Images should be omitted while the rest of the data is duplicated exactly.

- [GIVEN DATA]:
····················
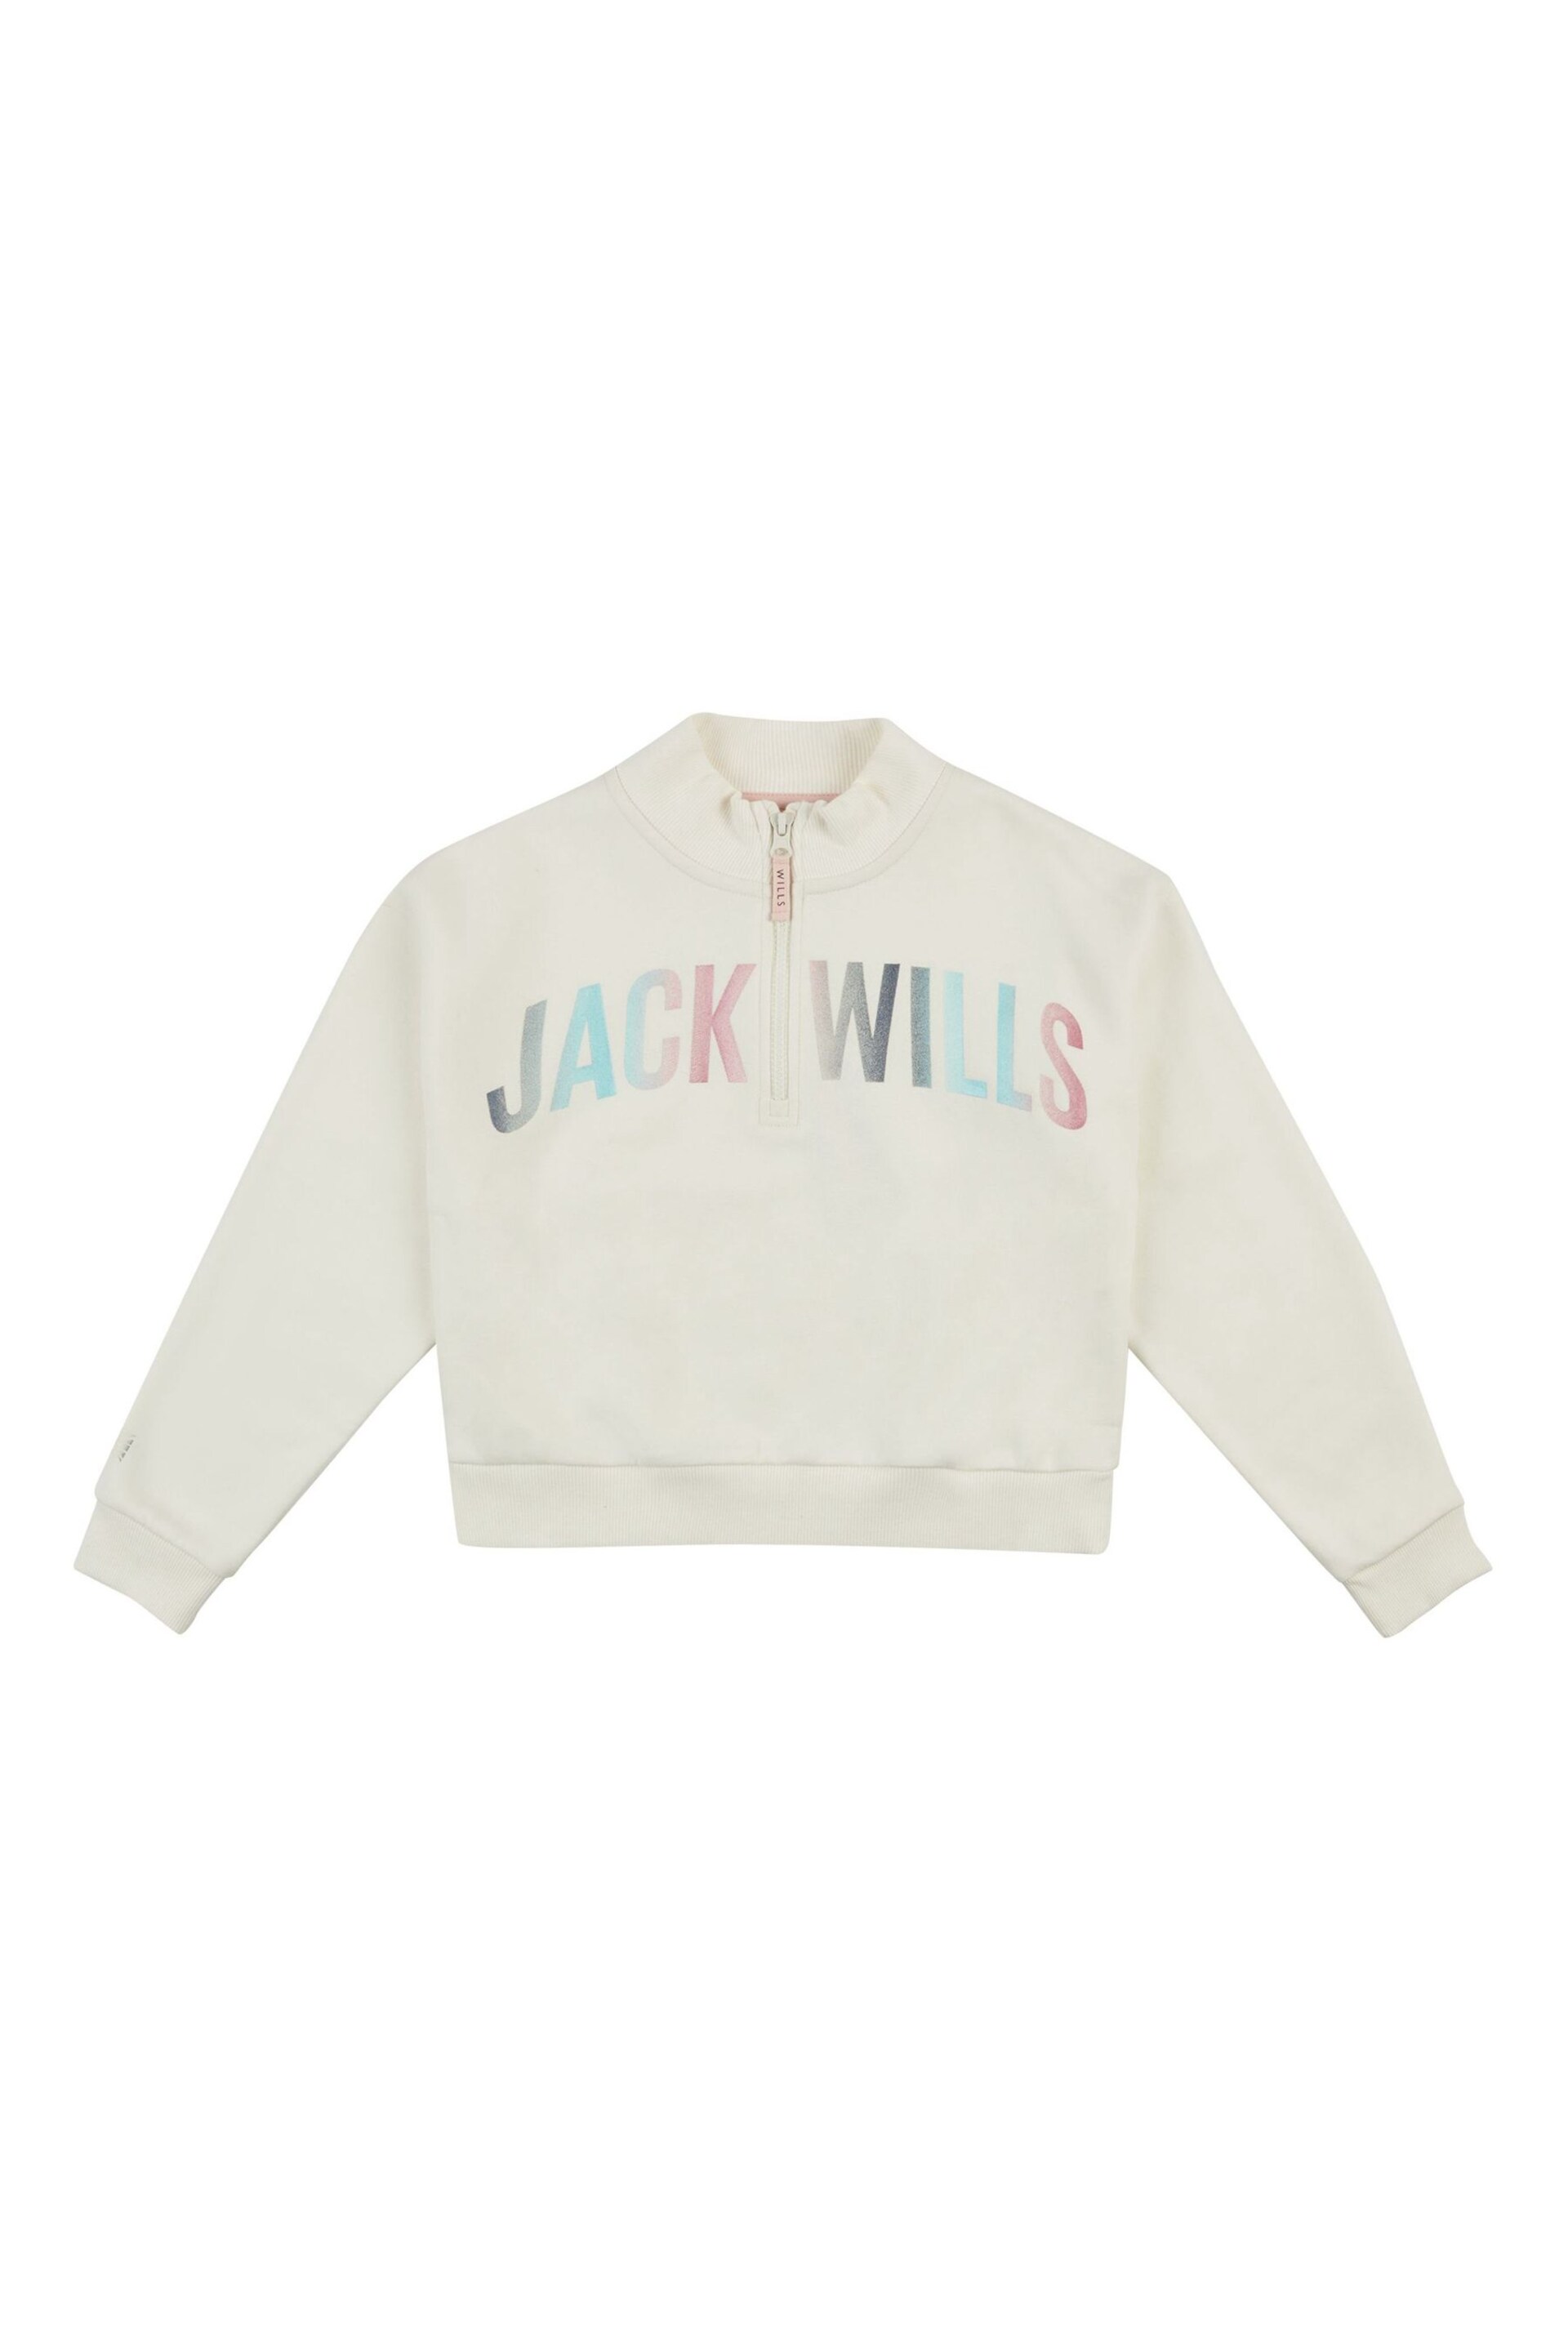 Jack Wills Cream Foil Print 1/4 Zip Sweatshirt - Image 5 of 6
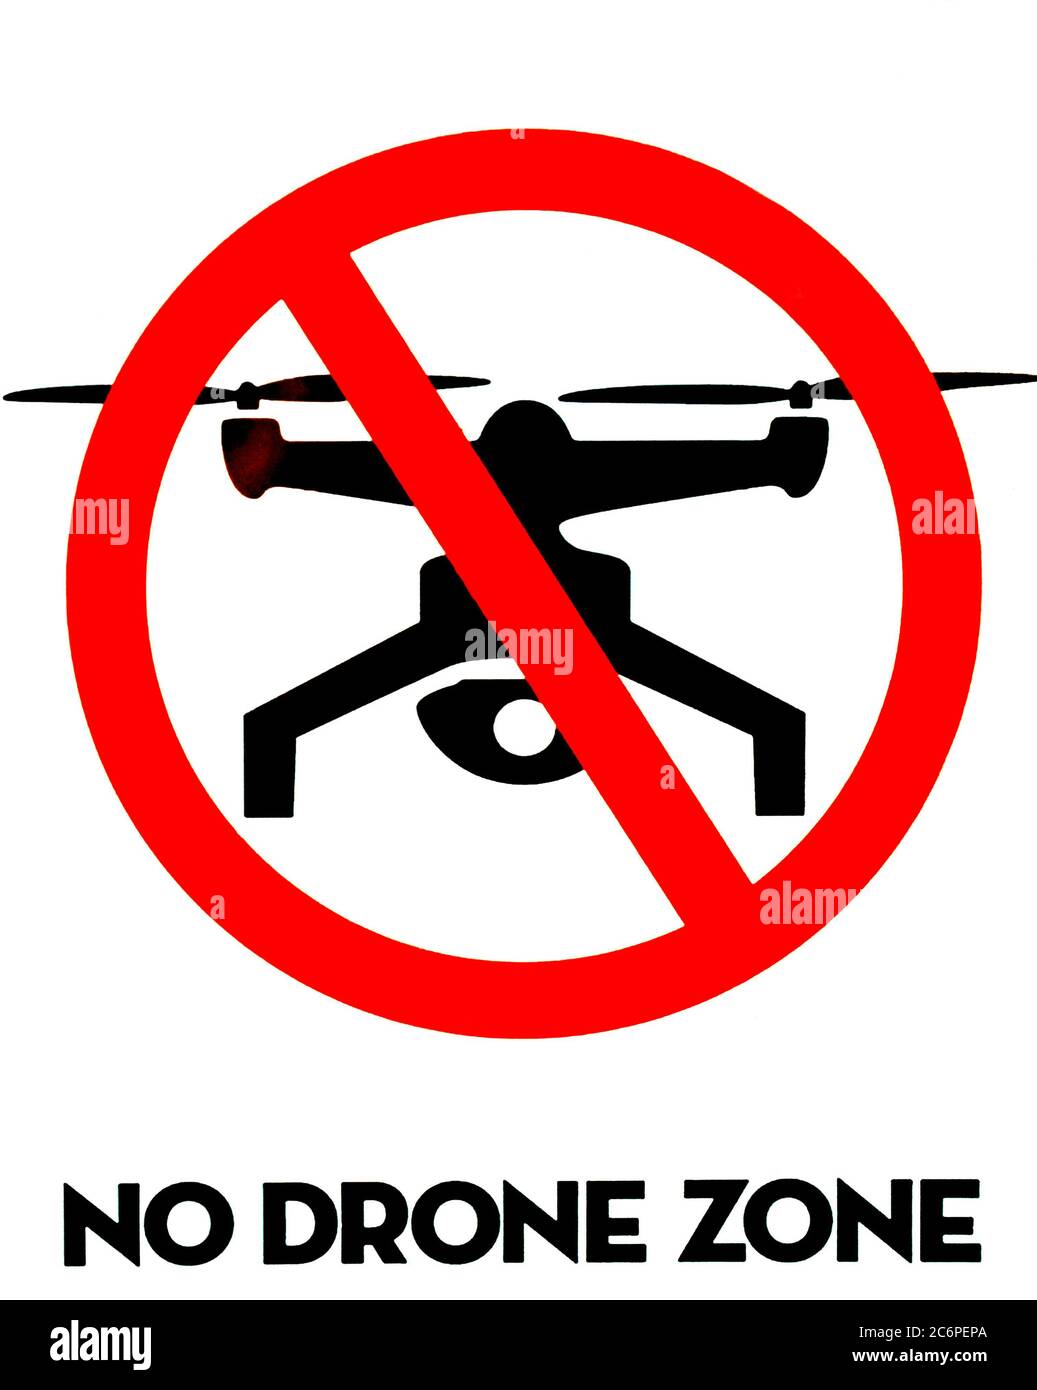 Señal de información de advertencia de zona prohibida de drones Fotografía stock Alamy
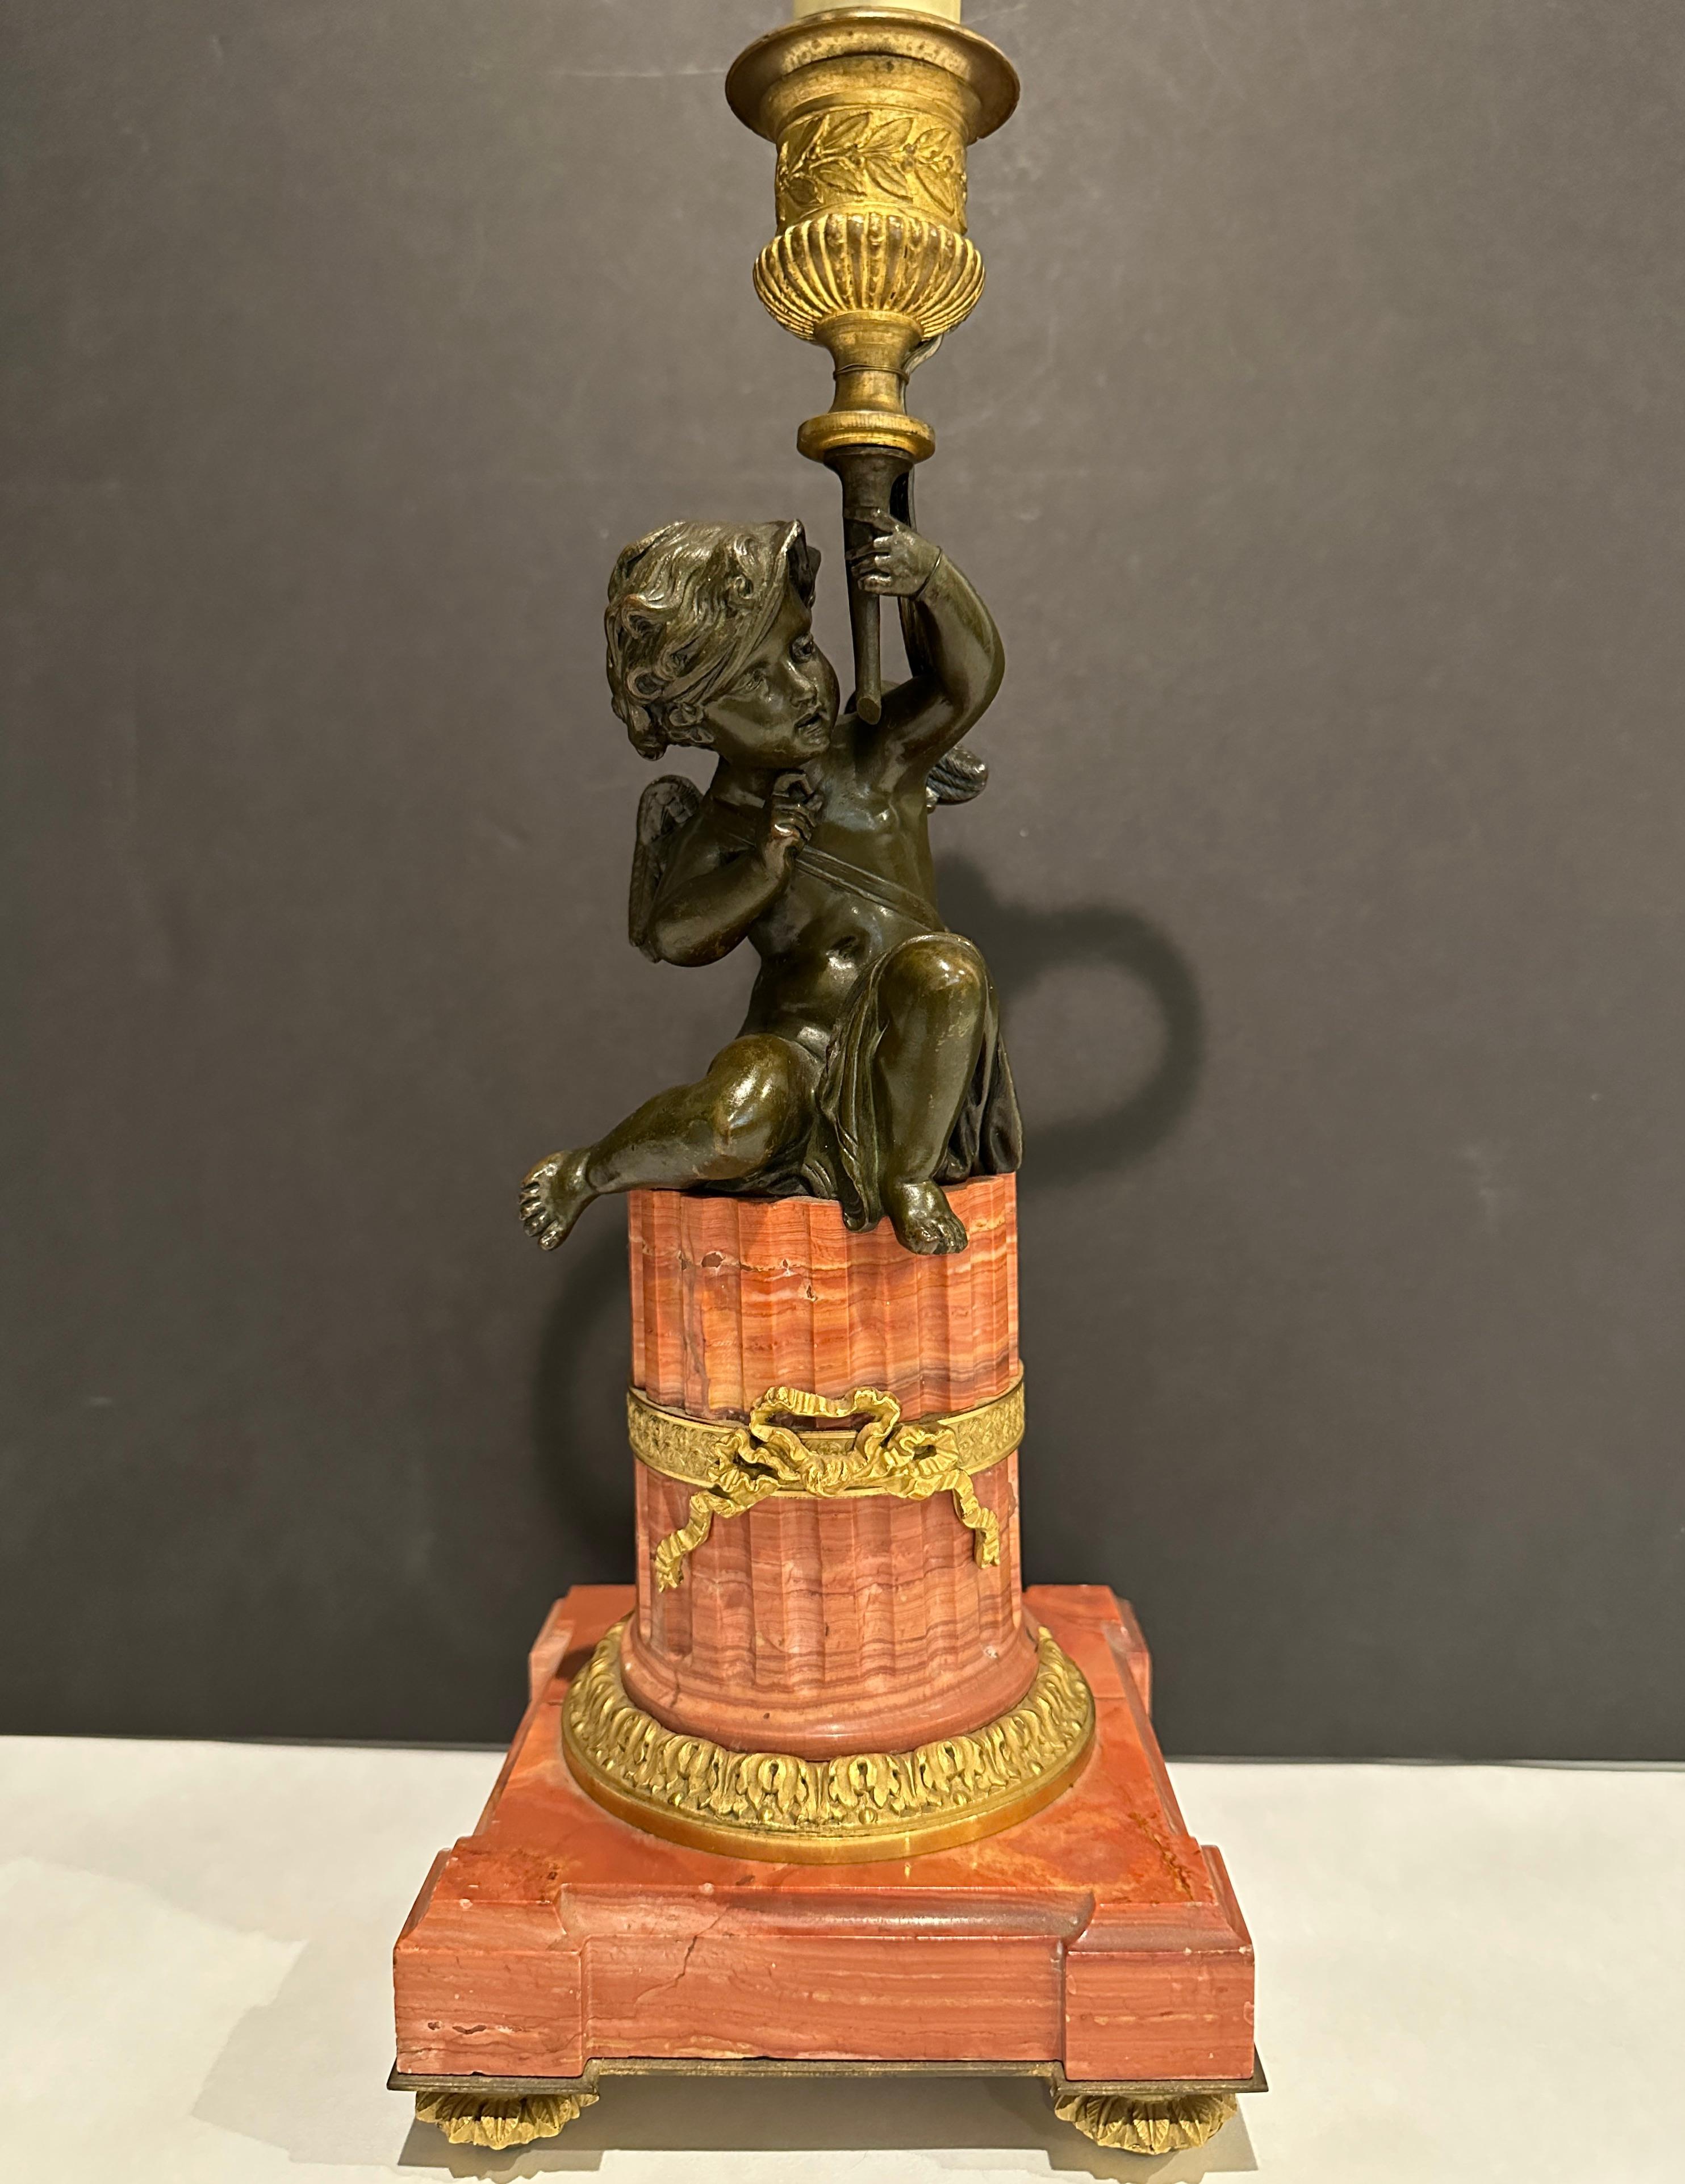 Garniture du XIXe siècle finement ciselée et modelée, montée en lampe. Cupidon ailé magnifiquement patiné tenant une coupe au-dessus de sa tête, comme si une torche était levée.  sur un socle en marbre cannelé monté en bronze doré.  Anneau en forme
····················
- [ANSWER TO THE PROBLEM]:
 Jack Wills Cream Foil Print 1/4 Zip Sweatshirt - Image 5 of 6
 Señal de información de advertencia de zona prohibida de drones Fotografía stock Alamy
 Garniture du XIXe siècle finement ciselée et modelée, montée en lampe. Cupidon ailé magnifiquement patiné tenant une coupe au-dessus de sa tête, comme si une torche était levée.  sur un socle en marbre cannelé monté en bronze doré.  Anneau en forme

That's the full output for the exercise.